We would not have done that.
They're saying the same thing.
They're saying we wouldn't, we would have given you zero.
You would have owed us money. We want our $10 million back because you not only violated your fiduciary duty by entering into this illicit affair with the pool boy from Miami, but you've harmed us and our brand, our Christian brand, as a result.
This is going to be called a representation amongst corporations.
You put what's called a representation and warranty that you've abided by the laws, that you don't know of any malfeasance that you've been engaged in.
You're under no investigation.
You've engaged in no prior conduct that could materially embarrass or harm your counterpart in the deal.
And you put these representations and warranties in the agreement.
The broader, the better for the party that you represent to make the other party sign on to these representations and warranties, you can have a direct and obvious breach of contract based on the strict language of the contract. Now, obviously, if there's something called
fraud in the inducement or fraud generally, you don't necessarily need to spell that out
in the contract, but you have to show the fraudulent intent going into the contract
itself and a course of dealing that was intended to defraud you. There's also a contractual doctrine
called the implied covenant of good faith and fair dealing that in contracts in general,
this doctrine recognizes that parties don't necessarily always come up with the most precise language in the world, but basically don't be an asshole in the contract and totally do the opposite of what the intent is, is basically a breach of implied warranties in the contract. I agree with you with one clarification.
You still have to tie what's called the implied covenant of good faith and fair dealing
to an expressed provision in the contract. It's not a free-floating concept, although I do like
the way you put it. It is a commandment, thou shall not F with my contracting party. But you still have to tie it to
section 22 of the contract. In doing what you were supposed to do, you violated an additional
implied duty of good faith and fair dealing. So I don't want to leave the listeners with the
impression that it's sort of a standalone provision that doesn't tie back to an actual
provision in the contract. It's up to lawyers like you that doesn't tie back to an actual provision in the contract.

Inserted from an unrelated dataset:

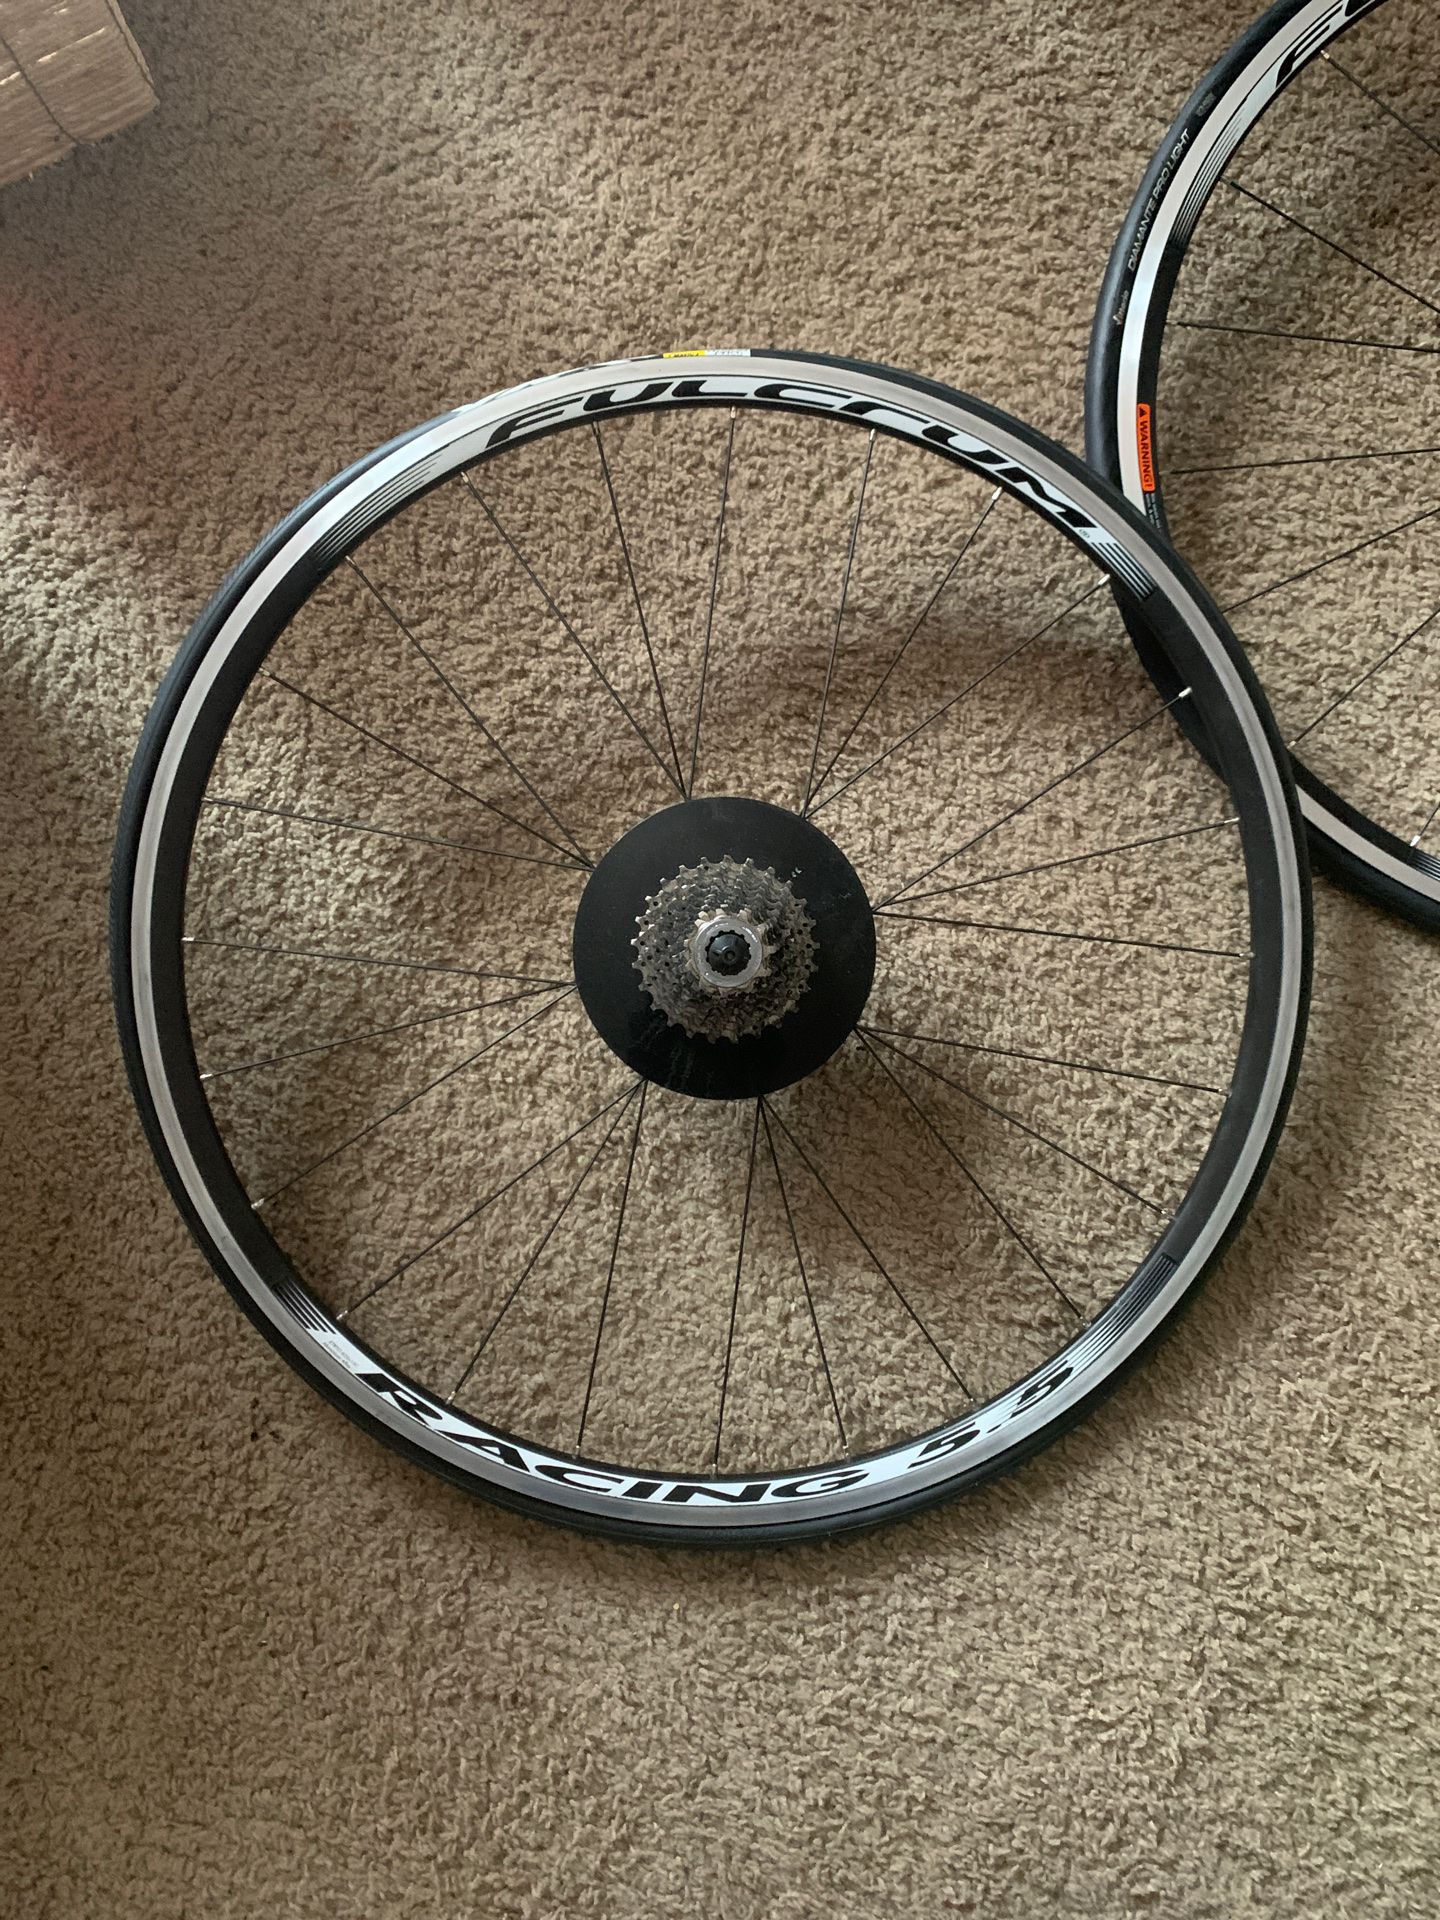 Fulcrum 5.5 racing bike tires

It's a tie. It's up to lawyers like you and I creatively to tie those two things together.
Absolutely. Now going from a criminal case to a civil lawsuit, back to a criminal case, there was a oath keeper.
It's what they call themselves, an oath keeper. It's an insurrectionist,
a fascist, one of these individuals who, a white supremacist is probably a better name for who
these people are. One of the insurrectionists who invaded the Capitol building on January 6th,
pleaded guilty last week to charges in connection with storming the U.S. Capitol. In his plea deal,
this individual by the name of John Schaefer acknowledged that on January 6th, he was among
the first people to force their way through police lines and into the Capitol. And he was
acknowledged, he acknowledged that he was wearing a tactical vest and was carrying bear spray as he did so. And he used the bear spray.
I guess the question becomes here, this was the first person to plead guilty. I think we're going
to see the domino effect now of many other pleas like this. I mean, there's significant time, a maximum sentence of 20 years
to 10 years. This specific plea agreement under the sentencing guidelines is for about three and
a half to four years. I think that these individuals should definitely be charged with
more than three and a half to four years for invading the Capitol building.
But what's going on right now strategically is the prosecution, the federal prosecutors
are making some sweetheart deals early on to see who's going to take it to rat out the others
and to point fingers at the others. And so right now, if you want to take the three and a half to four
year deal, you're going to have to point the finger at others. And trust me, those prosecutors
are out there telling people right now, your window is about to be closed. And so if you don't
come back to me in a set period of time, we're going to prosecute you to the fullest extent
of the law. And that 20 year plus sentence is what we're looking at.
Yeah, this John Schaefer,
there's a lot of interesting things
about this Oathkeeper case.
First of all, you and I were not supposed to know
about this plea deal as quickly as we did.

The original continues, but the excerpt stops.